Page 17 of I Let You Go


  I picked you up from your halls of residence, ignoring the interested glances from students walking past your door, and I was pleased to see you come out in an elegant black dress, your long legs encased in thick black tights. When I opened the car door for you, you gave a start of surprise.

  ‘I could get used to this.’

  ‘You look lovely, Jennifer,’ I said, and you laughed.

  ‘No one ever calls me Jennifer.’

  ‘Do you mind?’

  ‘No, I suppose not. It just sounds funny.’

  The restaurant didn’t merit the early rave reviews I had read, but you didn’t seem to mind. You ordered sautéed potatoes with your chicken and I commented on your choice. ‘It’s rare to find a woman who doesn’t care about putting on weight.’ I smiled, to show you I was making light of it.

  ‘I don’t diet,’ you said. ‘Life’s too short.’ But although you ate the creamy sauce on your chicken, you left your potatoes. When the waiter offered the dessert menus I waved them away.
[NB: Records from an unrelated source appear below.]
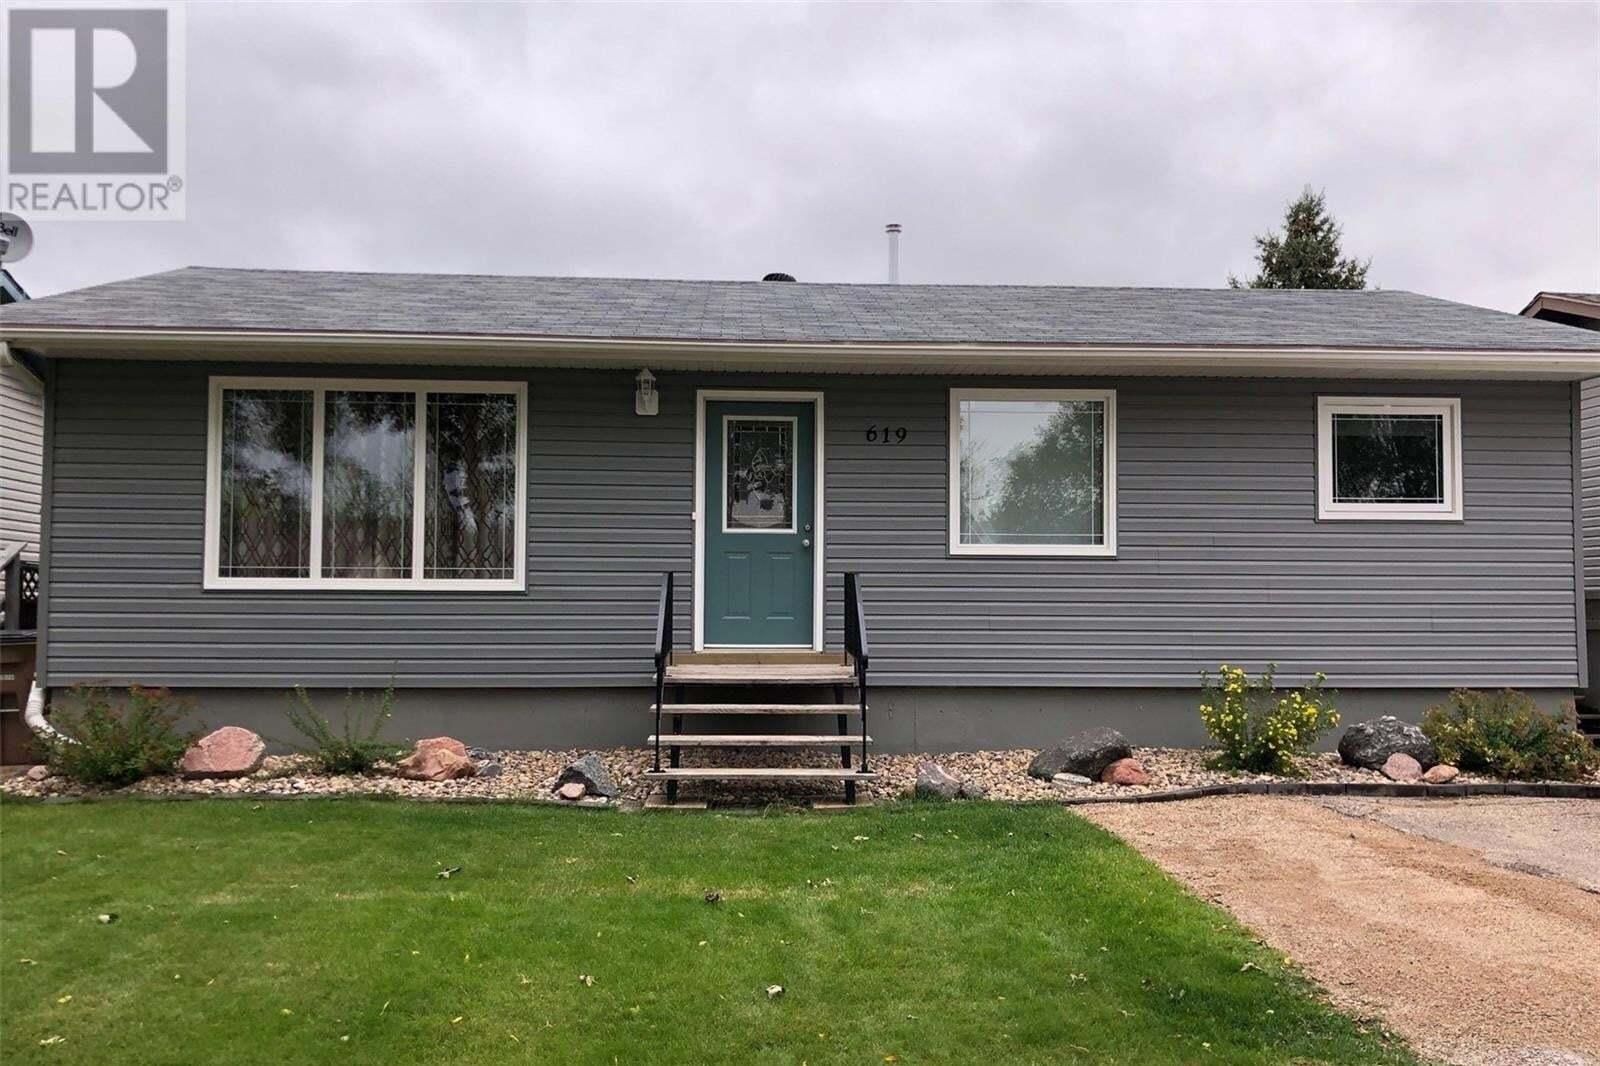 House for sale at 619 97th Ave Tisdale Saskatchewan - MLS: SK809799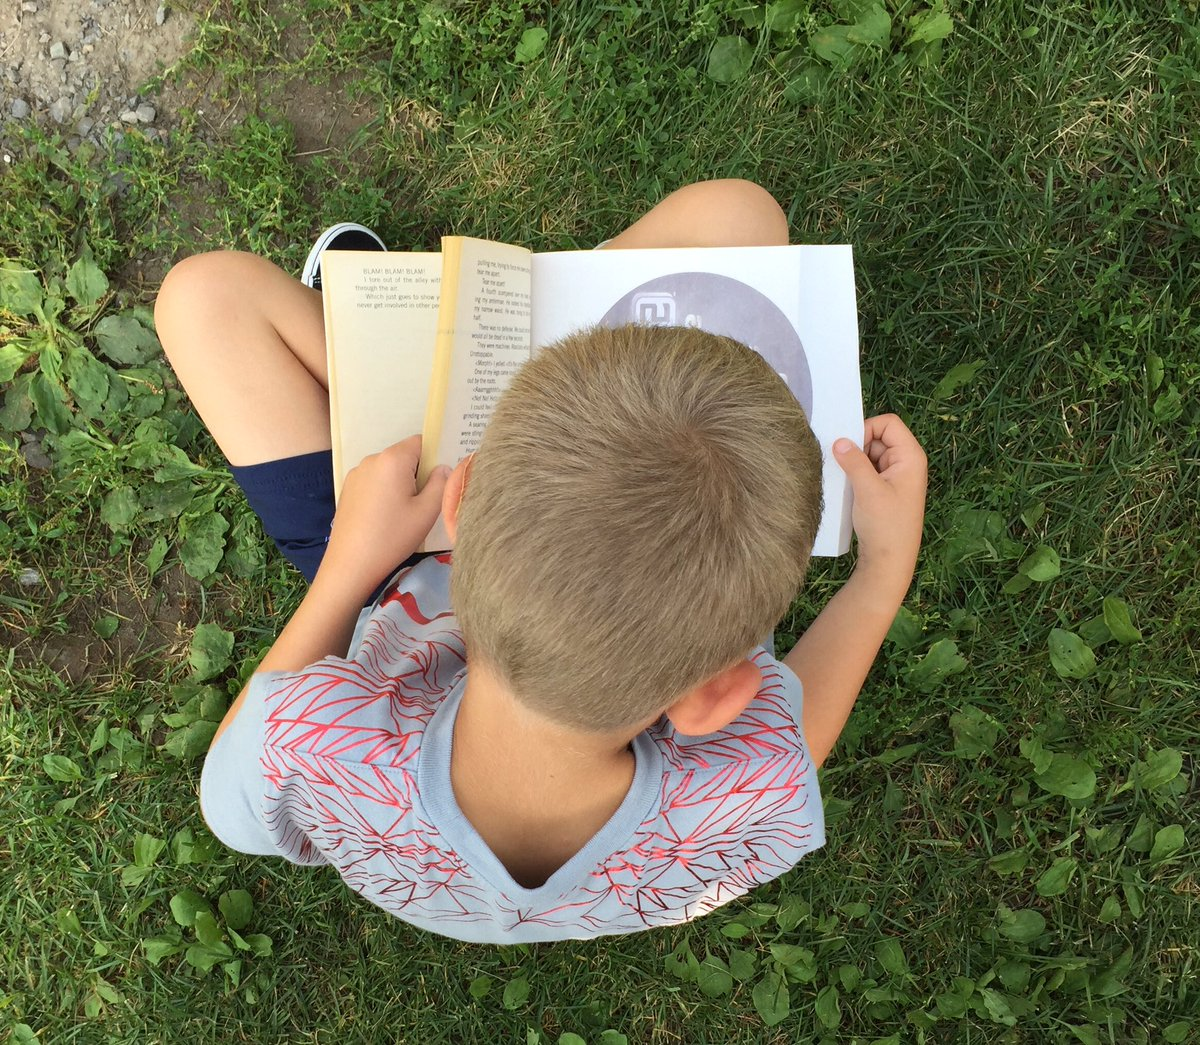 test Twitter Media - Reading outside on a perfect day!#ottawaschools #natureschool#summeratlast https://t.co/LJsKsLDjEA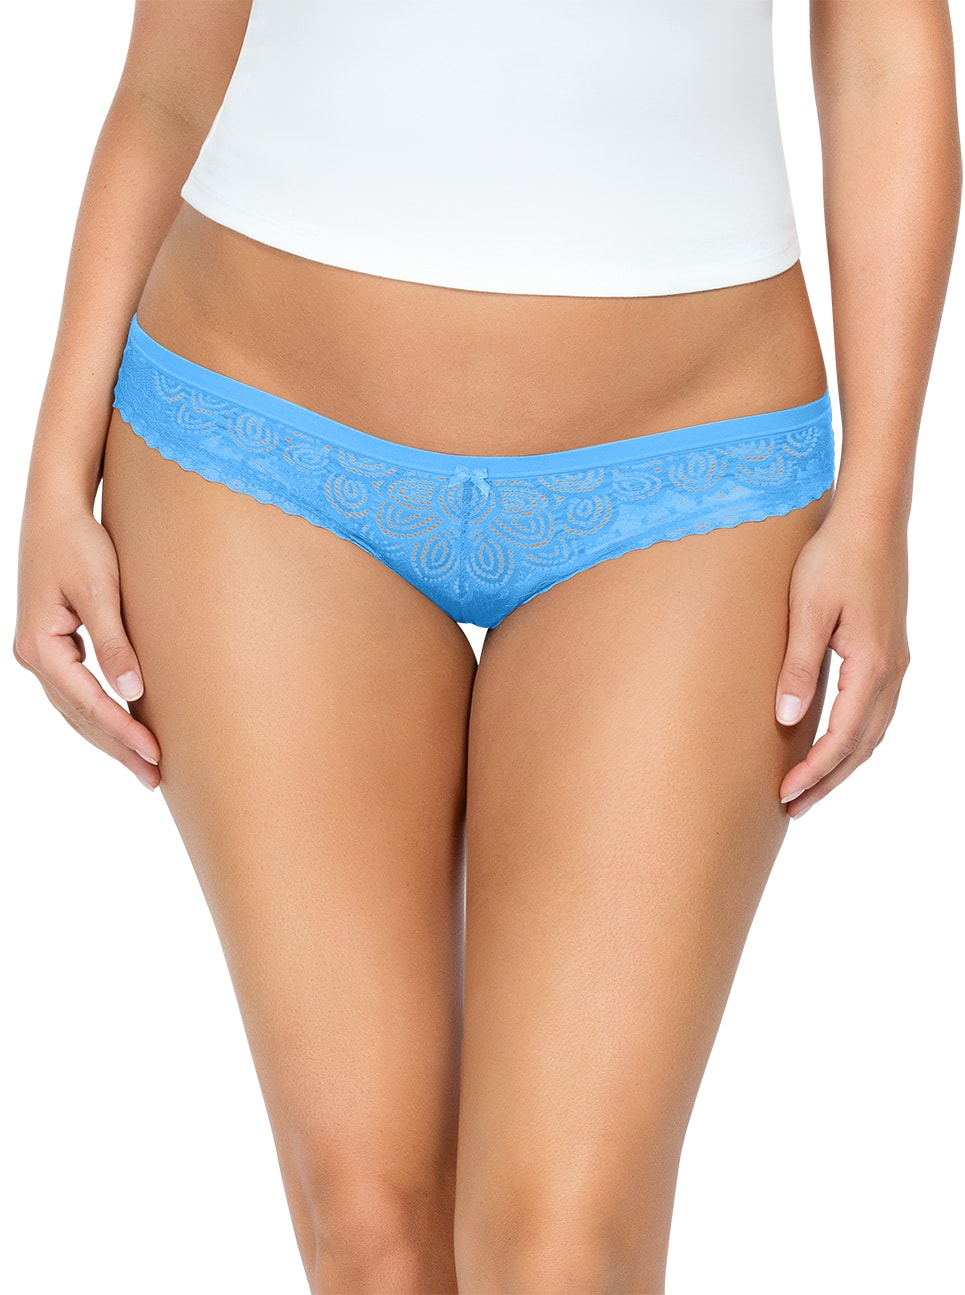 ParfaitPanty SoGlam BIKINIPP302 MediterraneanBlue FRONT - Panty So Glam Bikini - Mediterranean Blue - PP302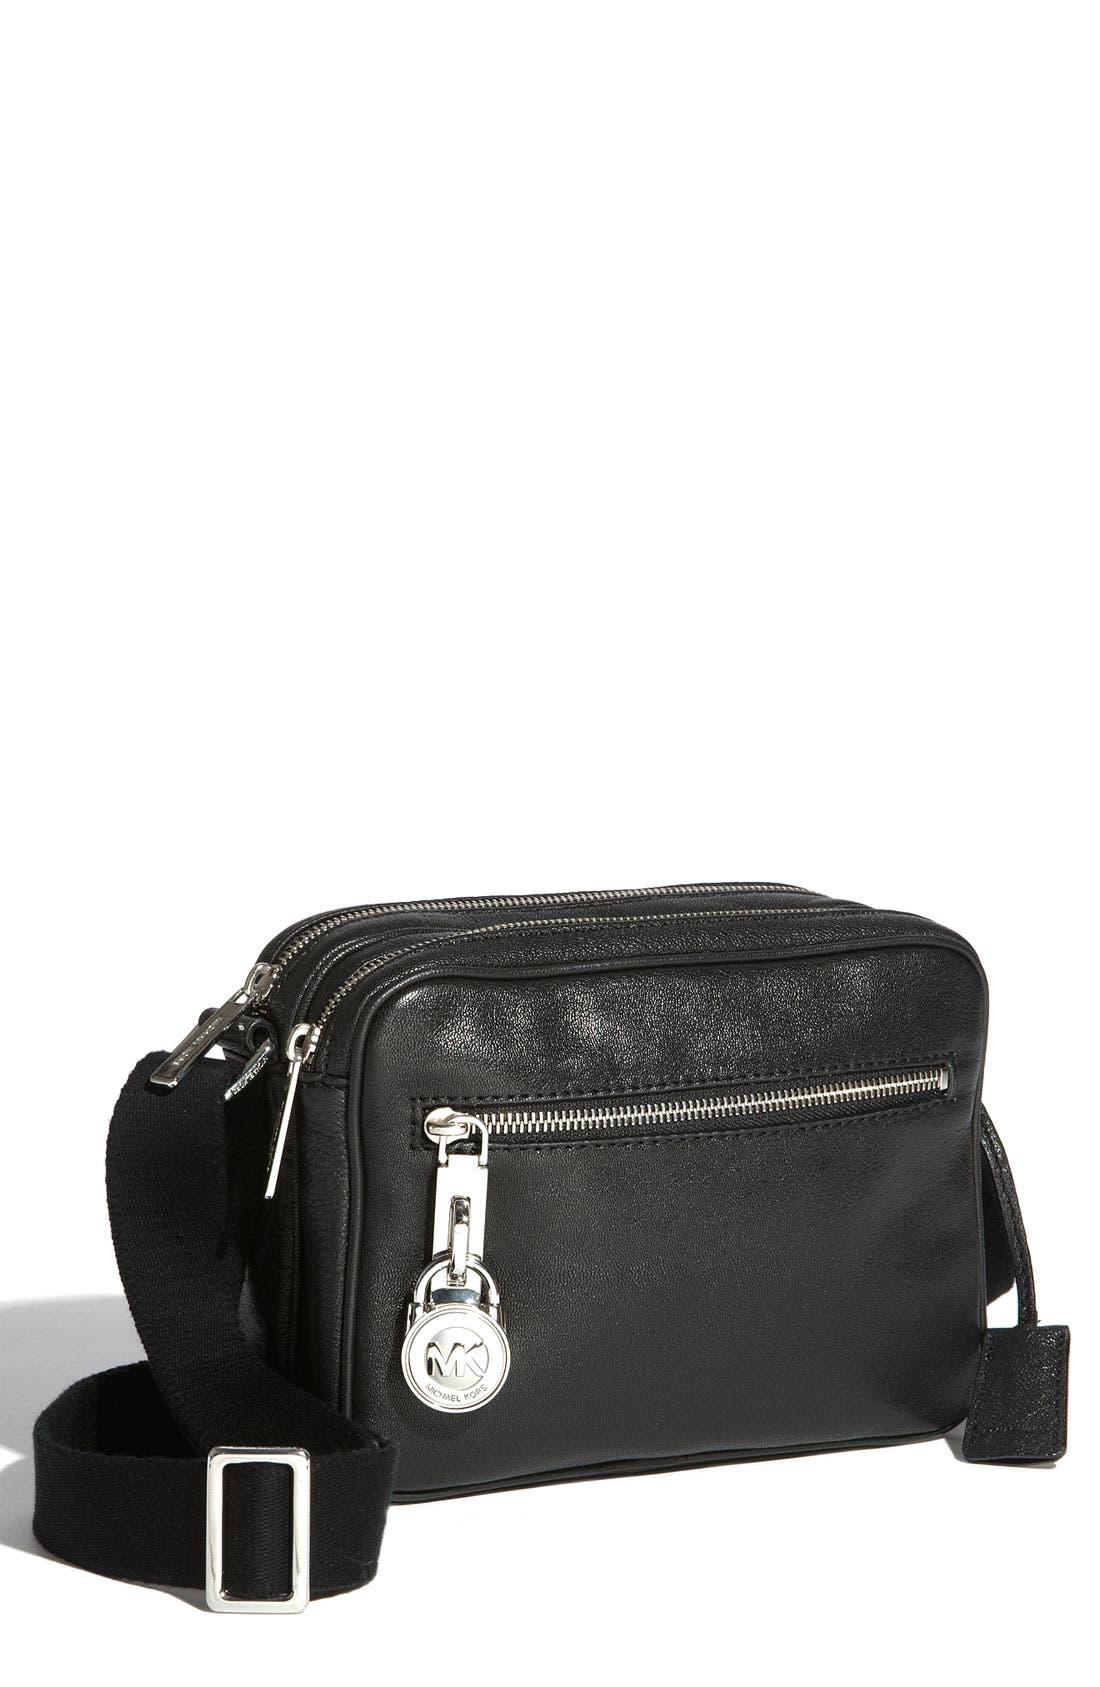 Alternate Image 1 Selected - MICHAEL Michael Kors 'Flight' Crossbody Bag

  ‘Just coffee, please.’ I saw your disappointment but you did not need fat-laden puddings. ‘What will you do when you graduate?’ I asked.

  You sighed. ‘I don’t know. Some day I’d like to open a gallery, but for now I just need to find a job.’

  ‘As an artist?’

  ‘If only it were that easy! I’m a sculptor, mostly, and I’ll try to sell what I make, but it’ll mean getting any old job – bar work, perhaps, or stacking shelves – to pay the bills. I’ll probably end up moving back with Mum.’

  ‘Do you get on with her?’

  You wrinkled your nose the way a child does. ‘Not really. She’s very close to my sister, but we’ve never really seen eye to eye. It was her fault my dad left without saying goodbye.’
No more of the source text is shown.